It might seem like your dog has an even better sense of time than you do. He always knows exactly when it's time to eat or when you should take him out for a walk. But is this just instinct, or does he have any concept of the passing of time? Does he remember the siblings born in his litter or yesterday's stroll at the park?
Until we have Dr. Doolittle to translate, we can't ask dogs about their earliest memories. However, animal cognition researchers like William Roberts have performed experiments that give us an idea of how animal memories work. Roberts found that animals live in the present, and that basically, they're stuck in time. While humans have the capability of "mental time travel," thinking forward and backward in time, dogs do not [source: Roberts].
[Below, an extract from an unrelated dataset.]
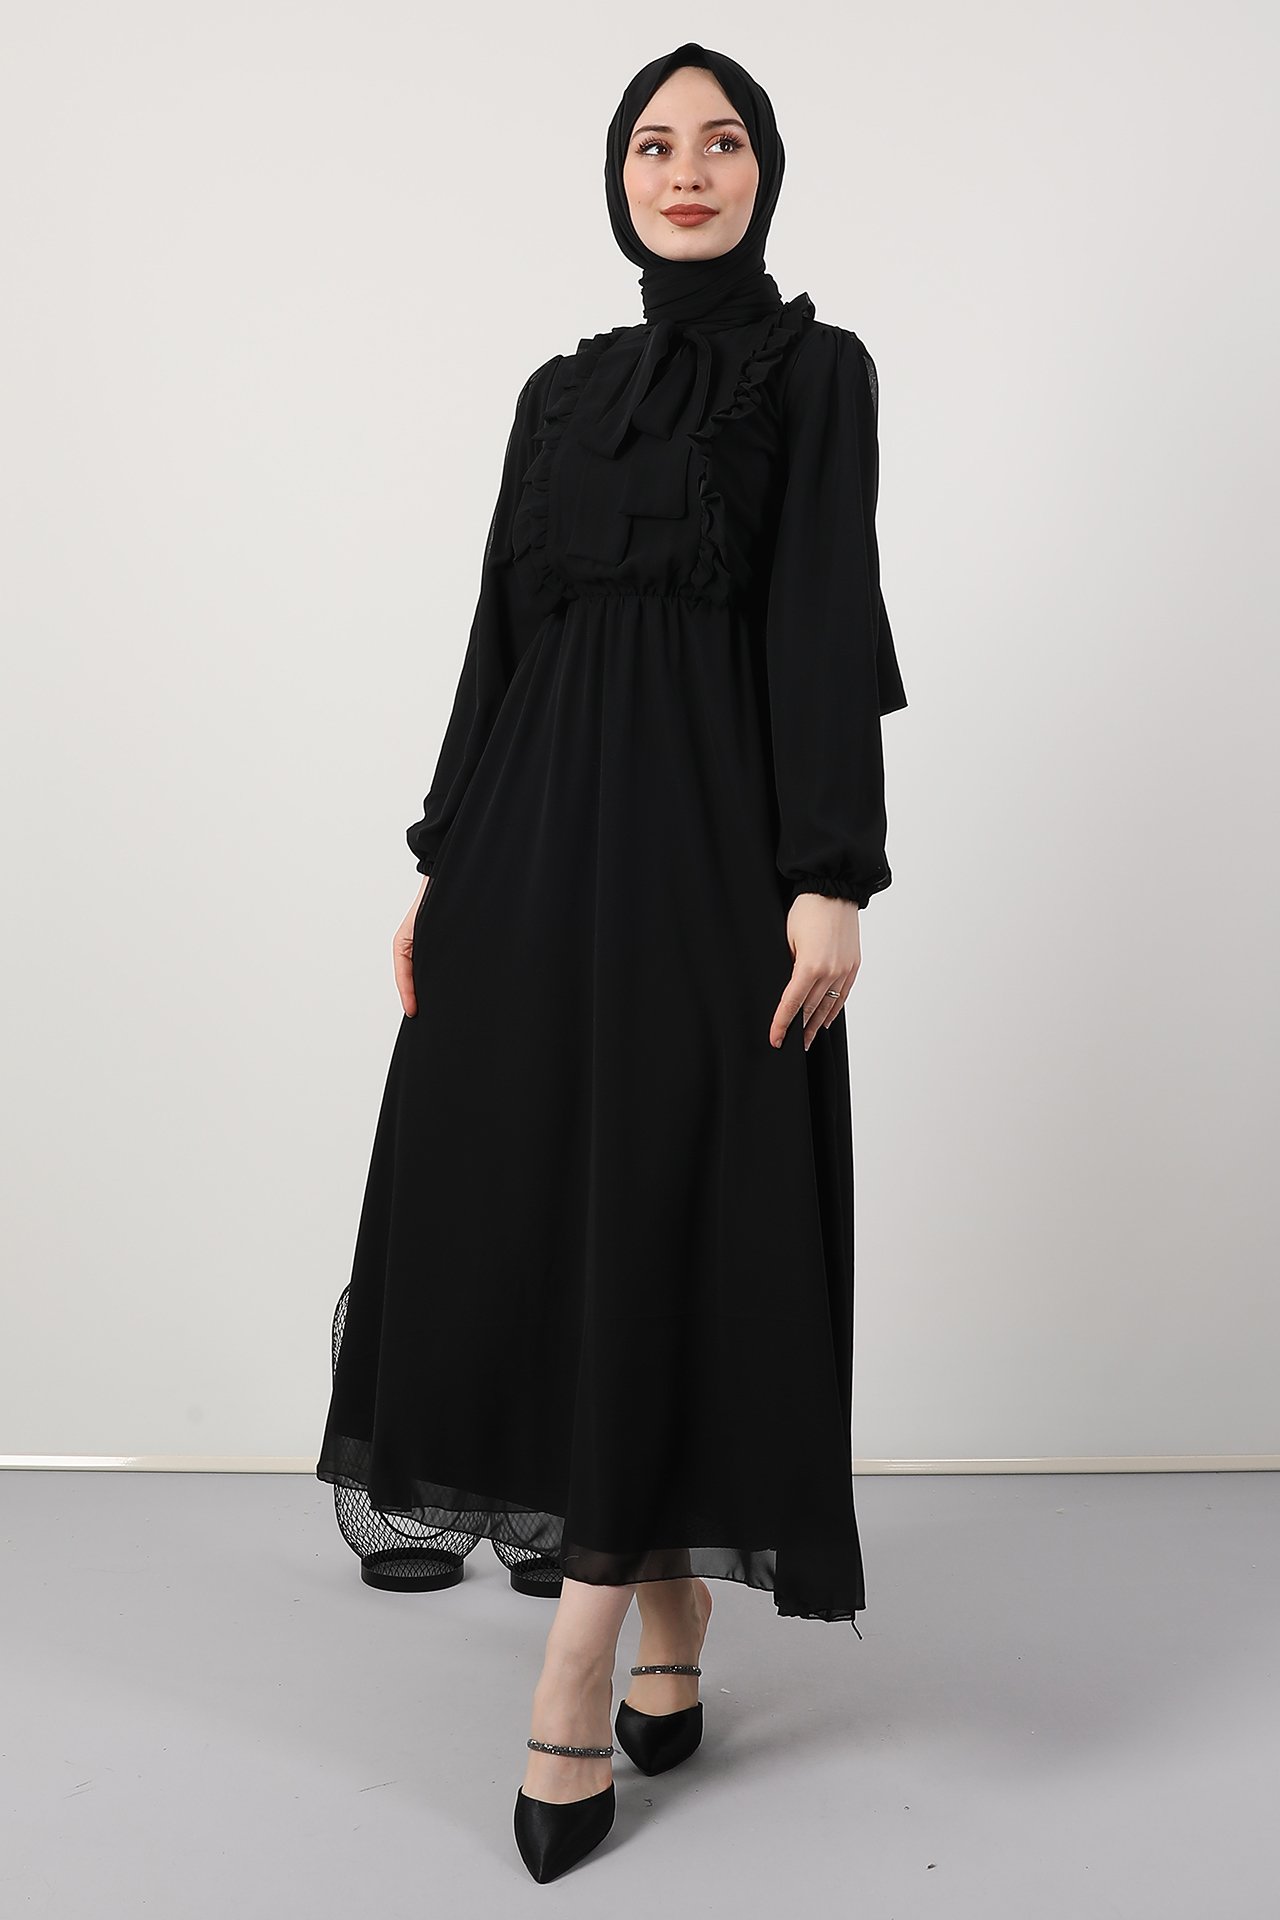 GİZAGİYİM - Giza Beli Lastikli Fırfırlı Elbise Siyah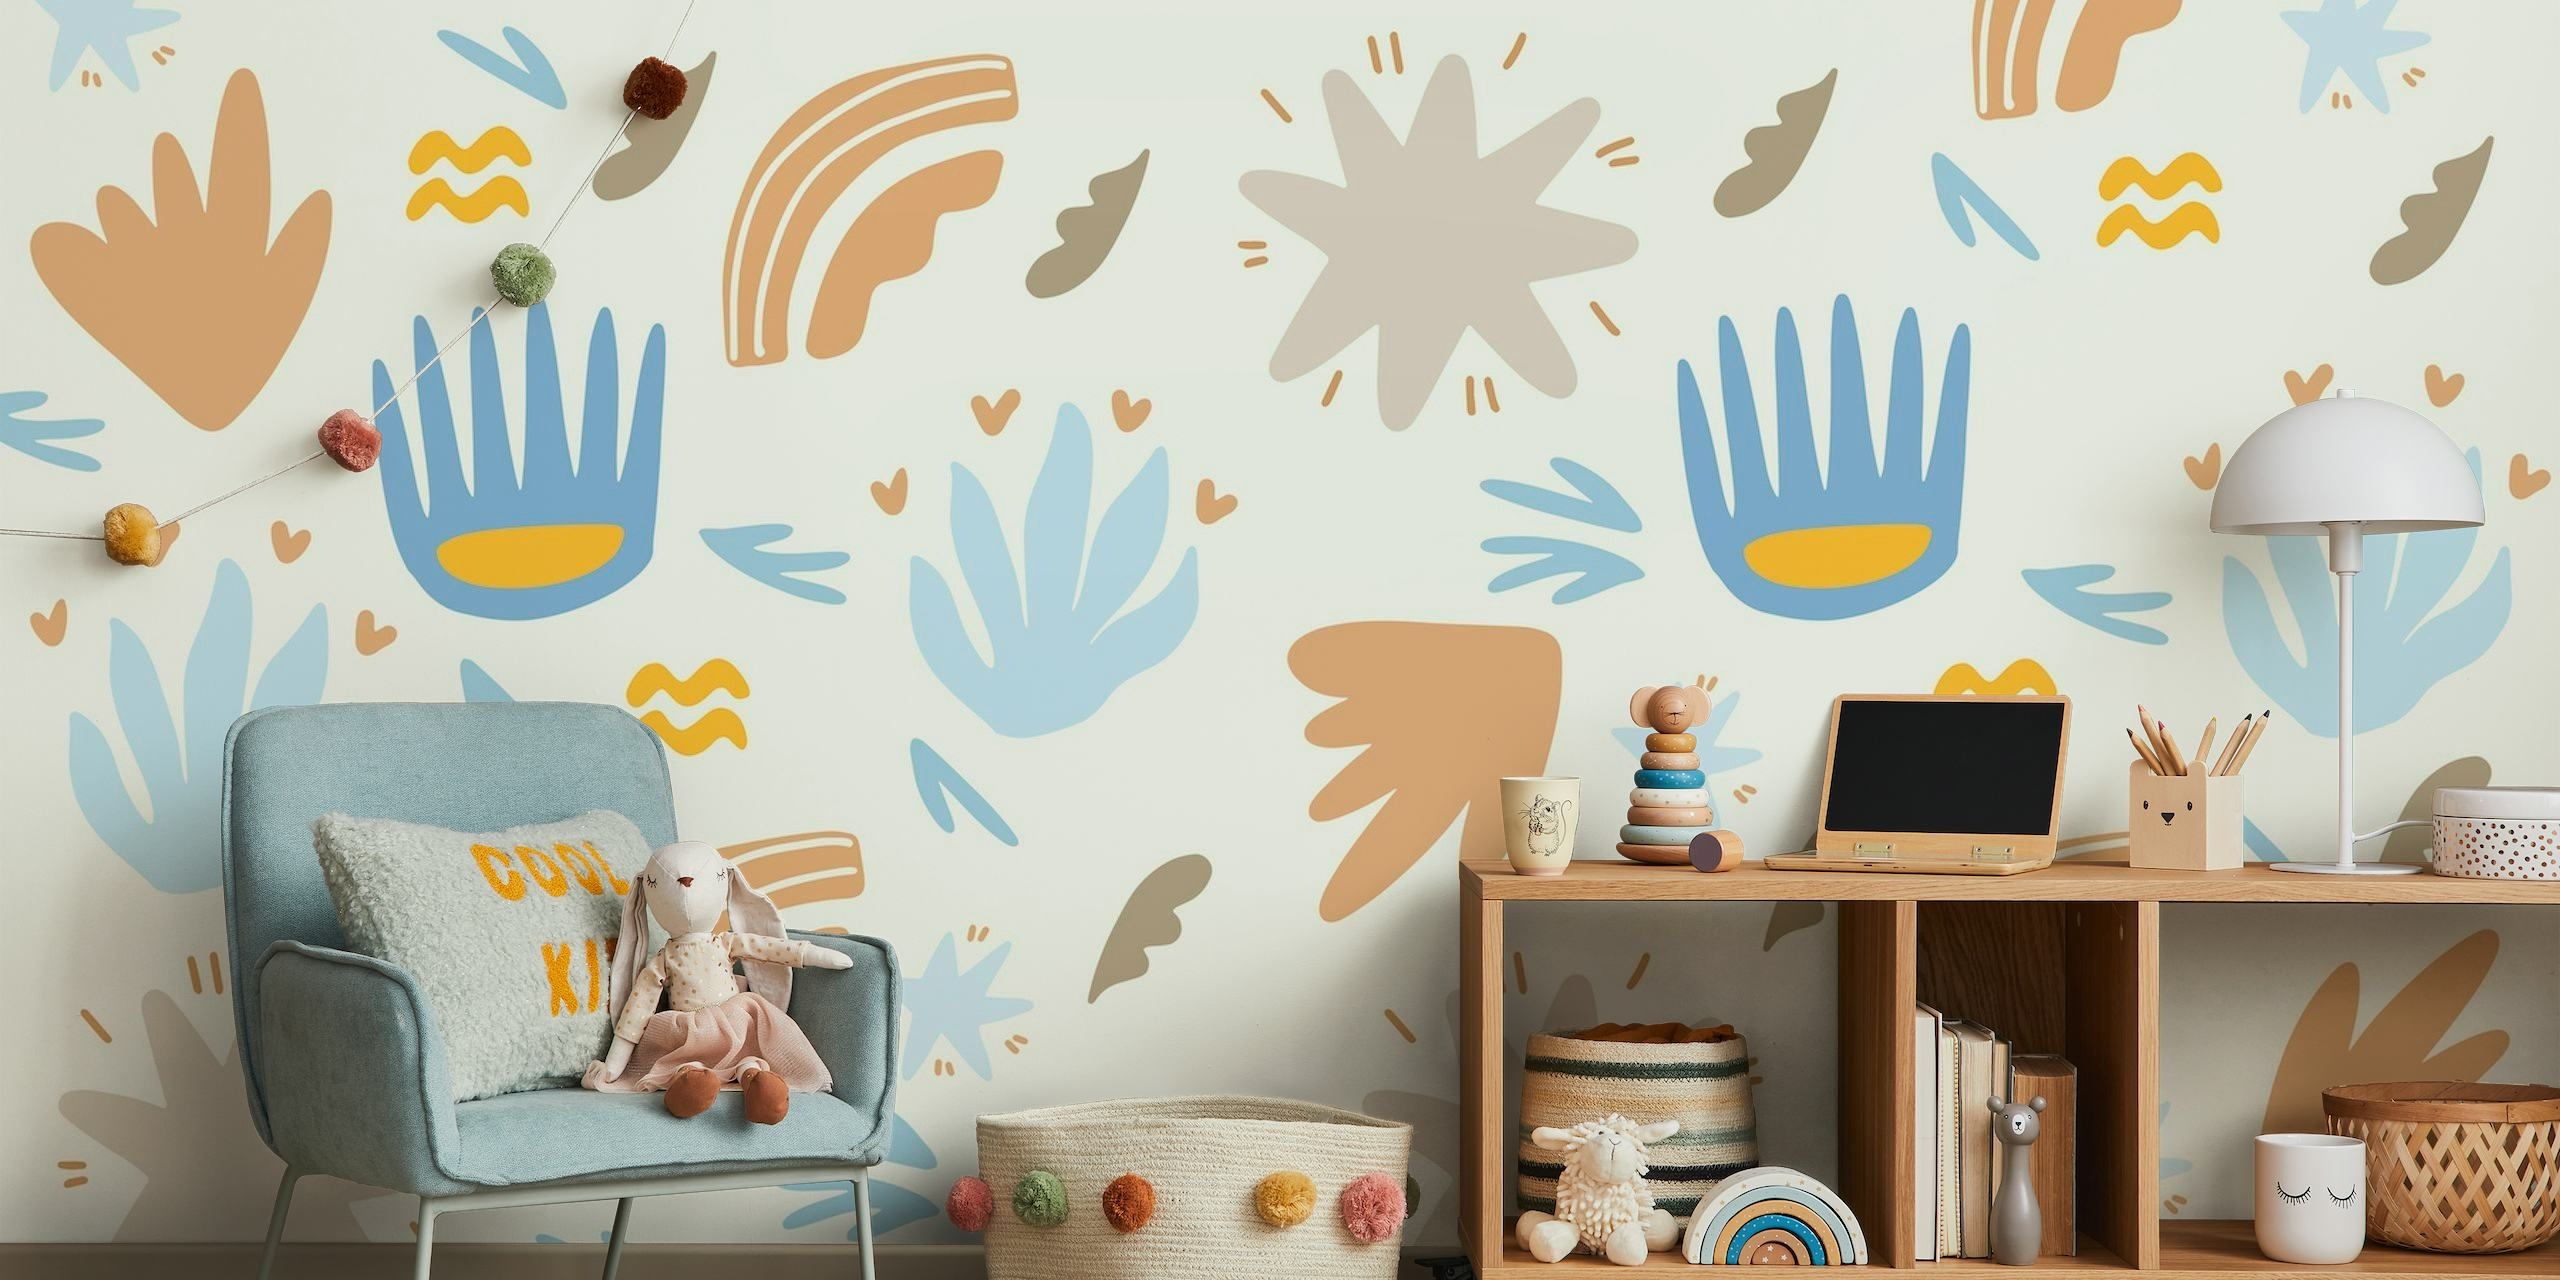 Papier peint mural pour enfants sur le thème de l'été avec des formes abstraites et des motifs fantaisistes en bleu, ocre et terre cuite

Studies show that dogs, rodents and birds can all learn new behaviors but won't remember studying them, much like humans begin to walk as talk as babies but don't remember how they learned to do so. Animals are not capable of remembering past events. For example, say you and your dog ventured out to the beach on a sun-drenched day and you taught her to fetch. The next day, researchers say, your dog would know how to fetch, but those golden memories would all be in your head -- not hers [source: Roberts].
While dogs may not have memory or understand time in the sense that humans do, they do react to circadian oscillators, or daily fluctuations in their biological state. These supply them with the instincts to know when their trusted owner should be opening that next can of food or picking up the leash.